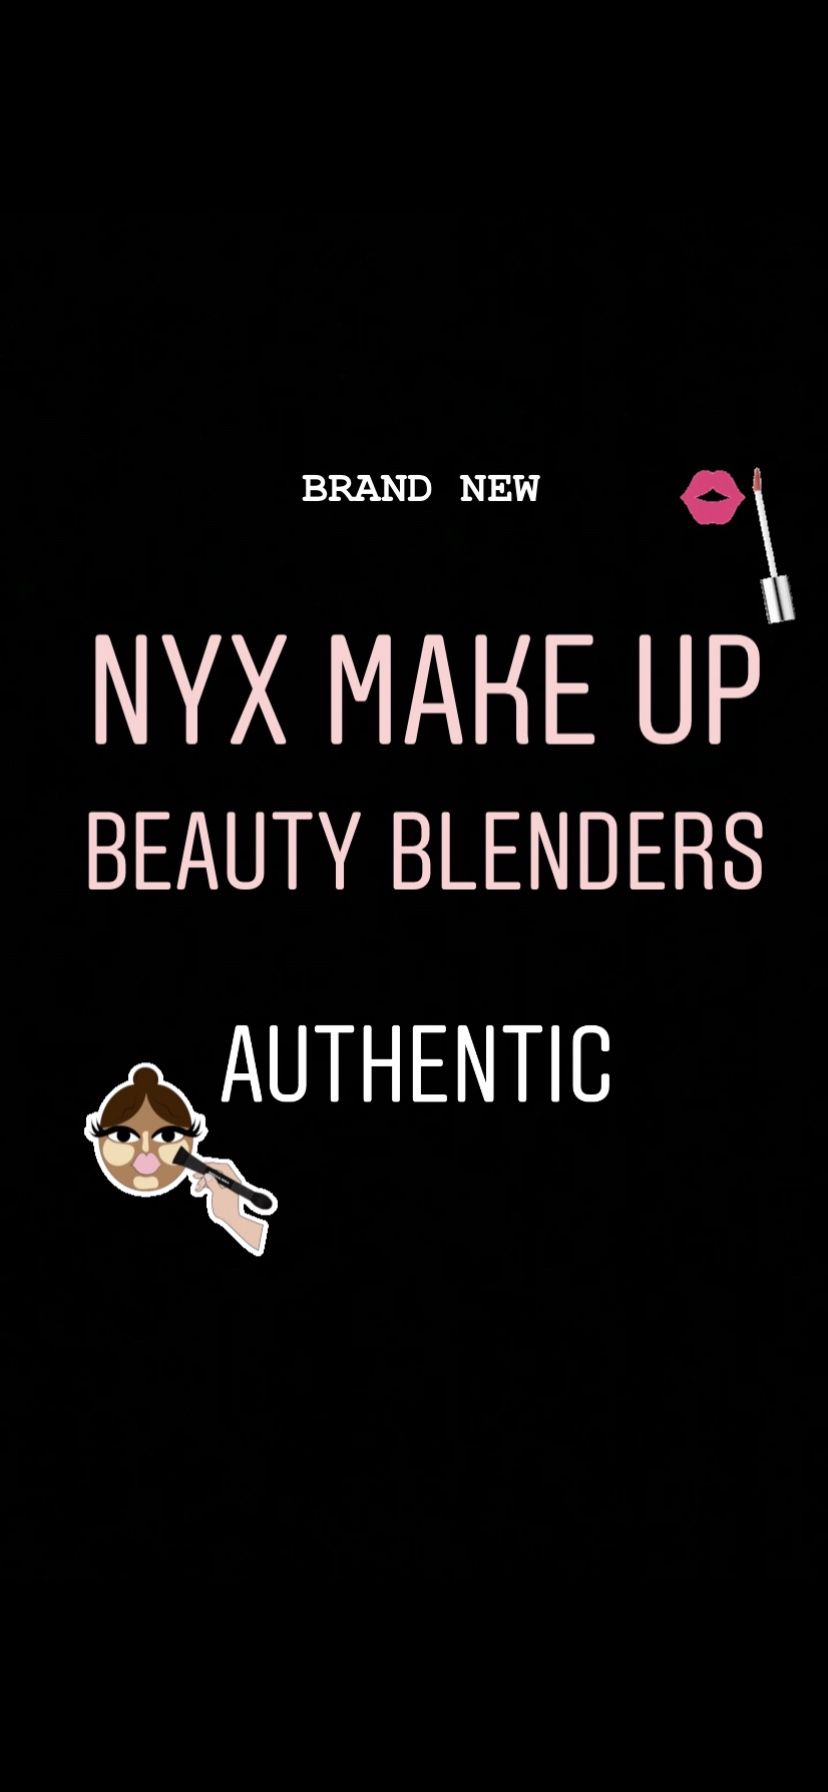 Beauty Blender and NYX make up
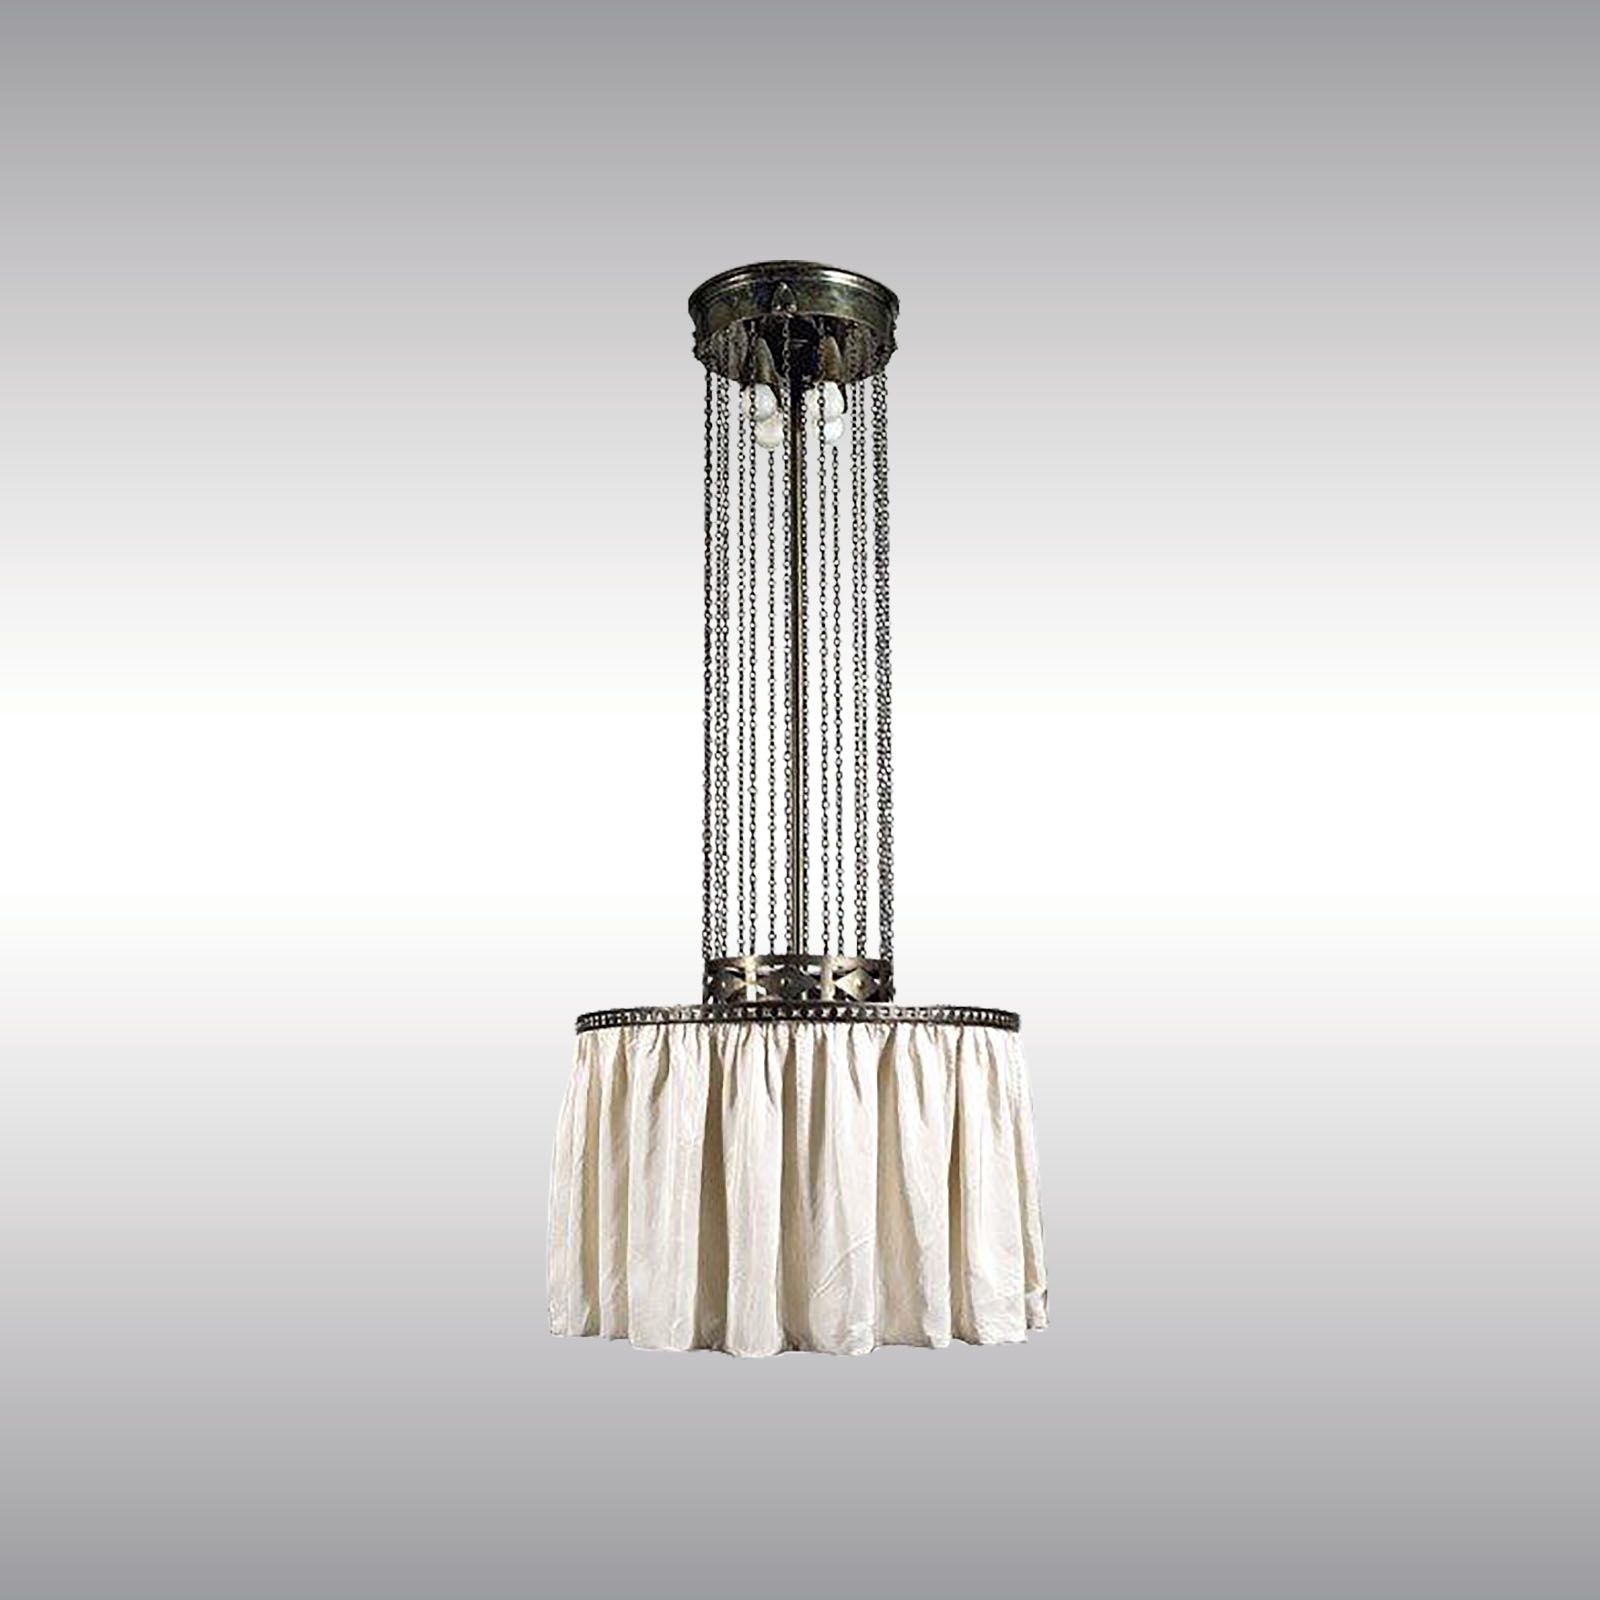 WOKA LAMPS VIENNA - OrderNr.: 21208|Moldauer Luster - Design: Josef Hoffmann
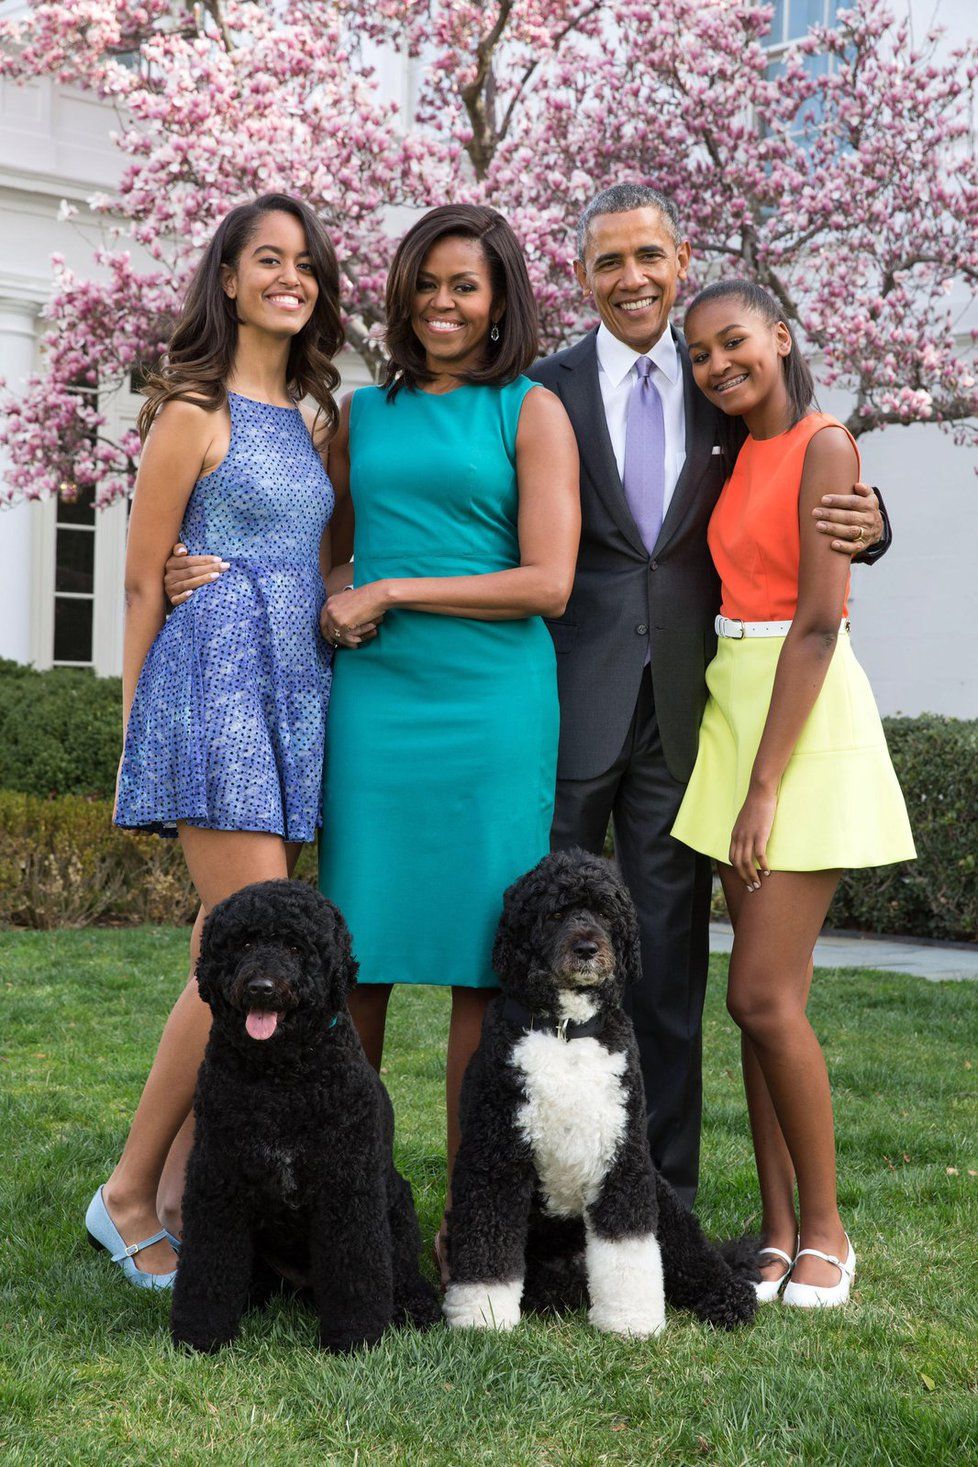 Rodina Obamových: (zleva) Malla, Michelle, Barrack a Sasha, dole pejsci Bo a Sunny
---
TASK PROMPT:
The listing must be returned in full and exactly, apart from its pictures.

TASK RESPONSE:
 Beauty Blender and NYX make up
 WOKA LAMPS VIENNA - OrderNr.: 21208|Moldauer Luster - Design: Josef Hoffmann
 Rodina Obamových: (zleva) Malla, Michelle, Barrack a Sasha, dole pejsci Bo a Sunny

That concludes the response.